R Lee Ermey is fantastic, and carries the movie on his shoulders. He struts up and down lines of terrified recruits like a demonic rooster, reeling off pungently vile insults like stanzas of metered poetry. I’ve heard veterans describe boot camp as “the funniest place you’re not allowed to laugh”, and I think about that when Ermey says stuff like “unorganized, grab-asstic pieces of amphibian shit” and “slimy little Communist shit twinkle-toed cocksuckers“, ready to dump all the shit in the sky upon the first private to crack a smile.

How accurate a portrayal of the boot camp experience is this? I remember a discussion on IMDB’s defunct comments bored – half the vets were saying “This is fantasy” and the rest were saying “This was my experience, exactly.”

Certain things seem right, based on what I’ve heard from friends. Dumping a recruit’s entire kit all over the floor because one little thing isn’t squared away. Punishing an entire class for one recruit’s screw-up. These scenes have a ring of truth. Ermey’s behavior has a cruel kind of logic behind it: he’s weeding out “non-hackers”. In his mind, if you’re going to snap under pressure, you might as well do it at Parris Island, rather than in the field, when the lives of your brothers are on the line.

Vincent D’Onofrio also inhabits his role well: that of a helpless wide-eyed frog getting smashed to pulp by a baseball bat. After weeks of abuse, his eyes start changing, and the drill instructor thinks he’s finally taking instruction. Movie viewers, of course, are aware of dramatic arcs and might guess that something else is coming.

Later, when Joker graduates boot camp and goes to Vietnam, the movie literally loses the plot. None of its events are motivated by anything much. It grinds out some new ideas and characters, but next to D’Onofrio and Ermey’s dynamic they’re not interesting or memorable. I don’t seem to be alone in that assessment. On the film’s IMDB page, the top-voted quotations are overwhelmingly from the early scenes. Down the bottom you’ve got lines spoken in Vietnam by guys I don’t even remember being in the movie.

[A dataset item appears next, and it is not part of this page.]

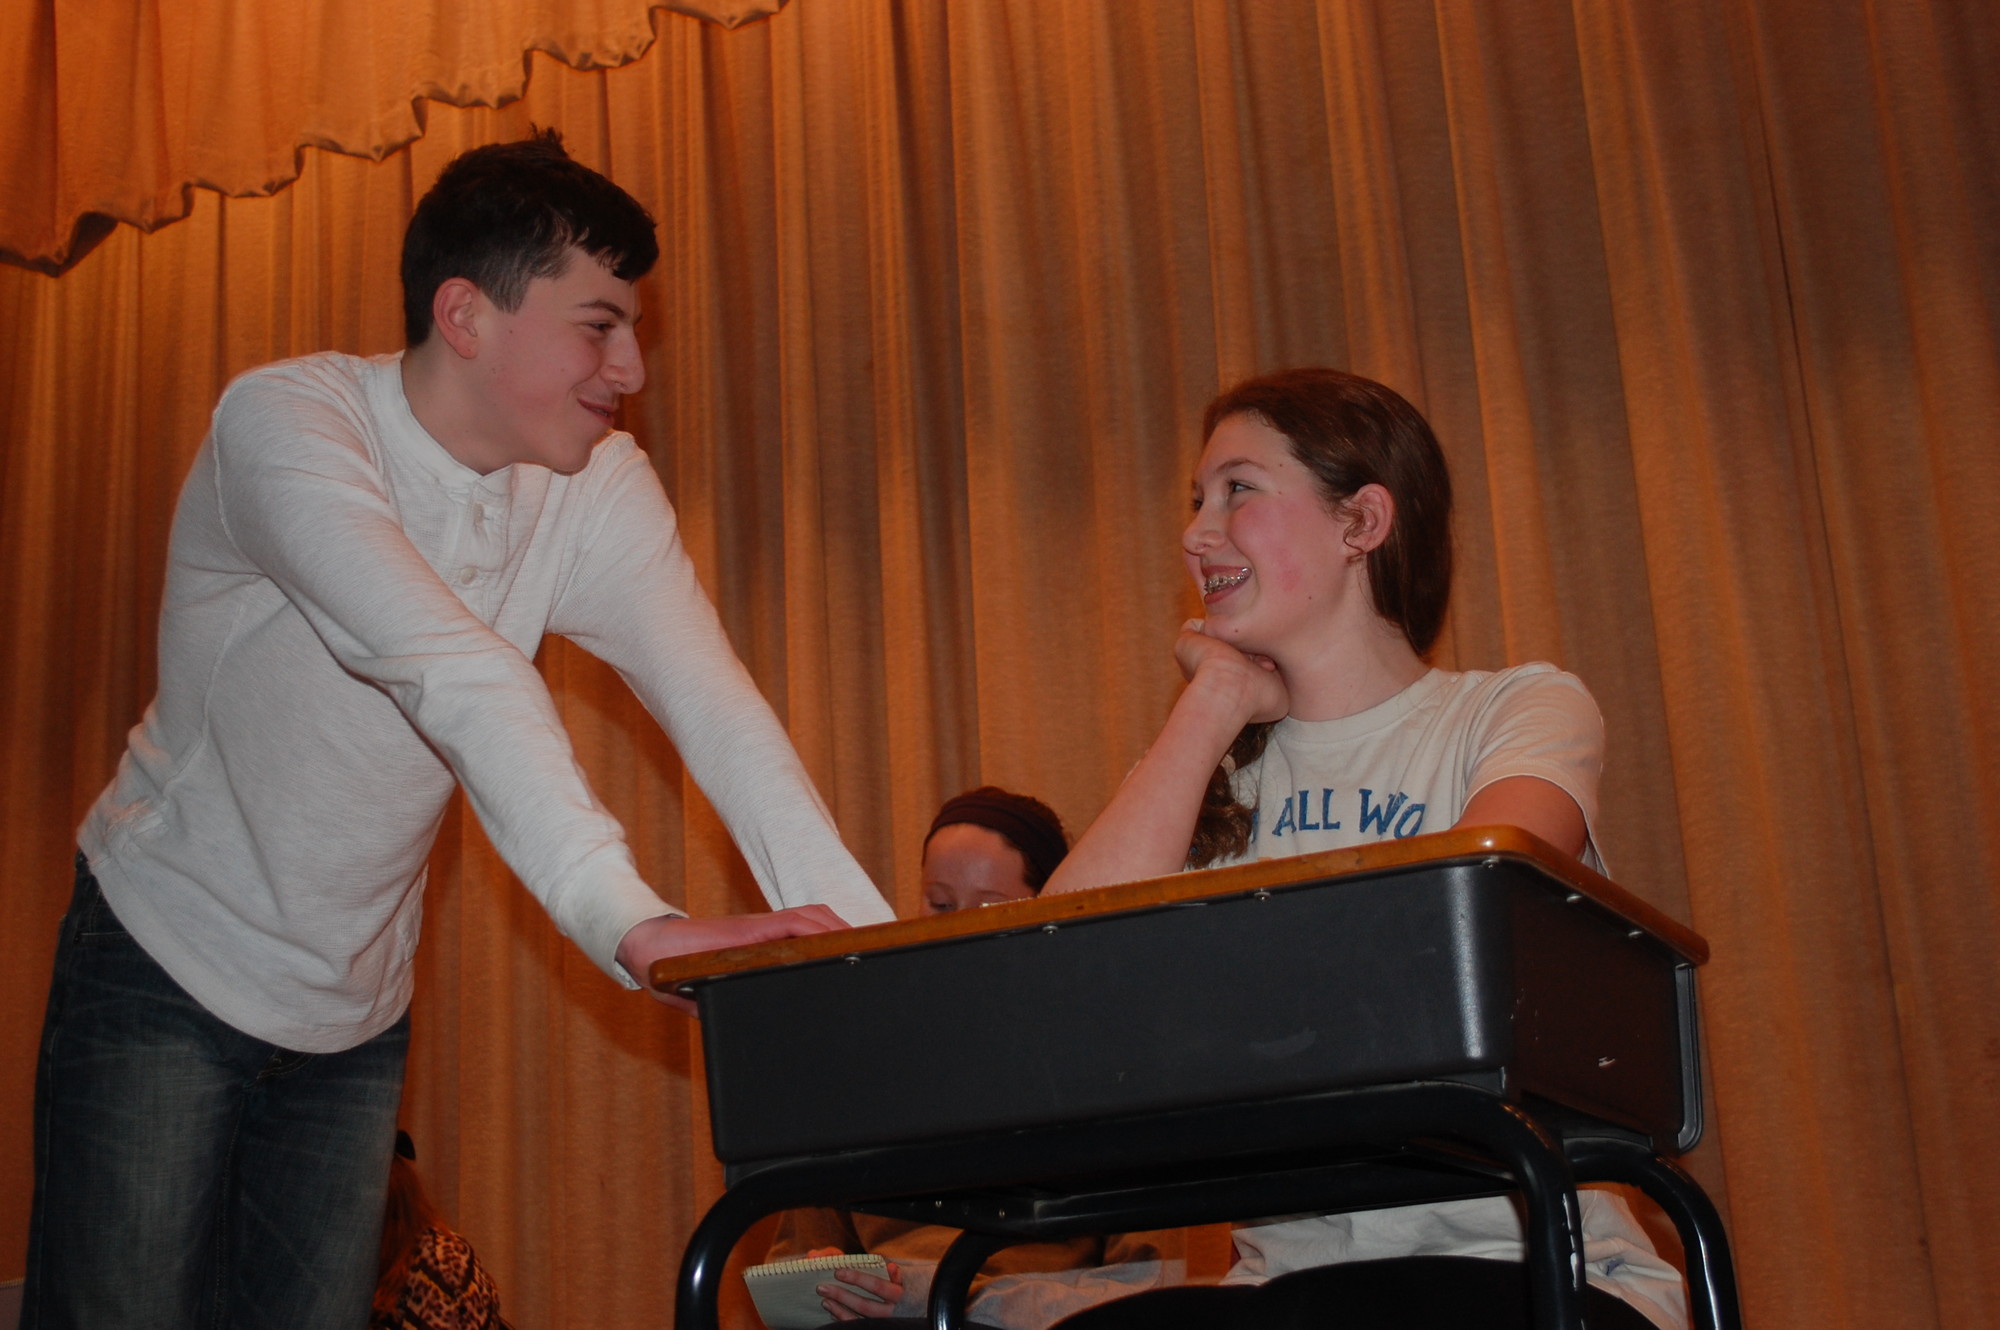 Daniel Cantanno and Mary Kate Kiley play the lead roles of Jimmy Smith and Millie Dillmount.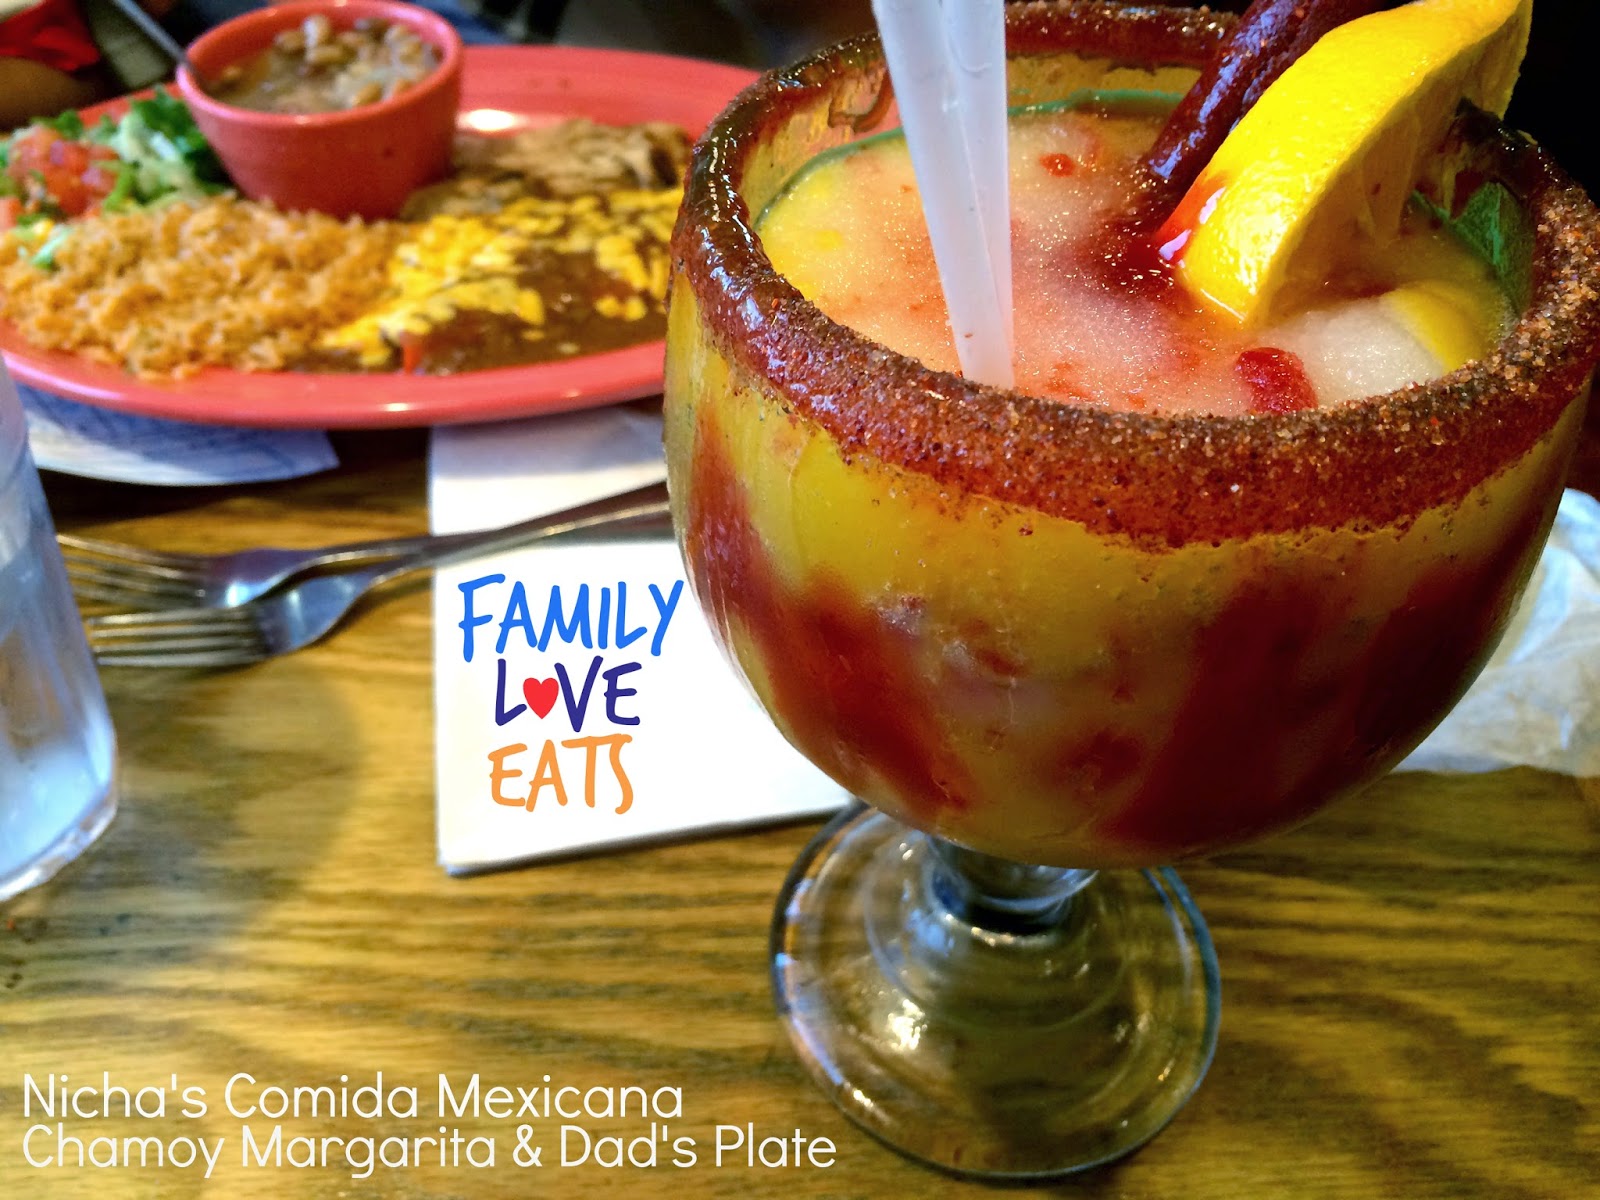 Authentic Mexican Food Near the San Antonio Historic Missions - Kids Eat Free

These scenes are tonally inconsistent. The part where Joker has to write propaganda (“we have a new directive from M.A.F. on this! In the future, in place of “search and destroy,” substitute the phrase “sweep and clear”!) is straight out of Dr Strangelove. Then there’s a moment where a gullible soldier has his wallet stolen by a wacky karate-chopping Vietnamese street gang. Other scenes play their material very straight, without a hint of satire.

A lot has been written about Vietnam, and the way it reflects the final destruction of Clauswitz’s notions of war. No more battle lines. Your enemies dress like civilians. They use women and children, forcing you to make terrible decisions. Your fellow soldiers behave barbarously. Up is down and left is right. You want to escape, but even when you do, the war follows you home, haunting you. What’s it all for?

Kubrick’s film starts out purposeful and ends confused, muddled, and existing just to exist. In this sense it’s the perfect depiction of the Vietnam war.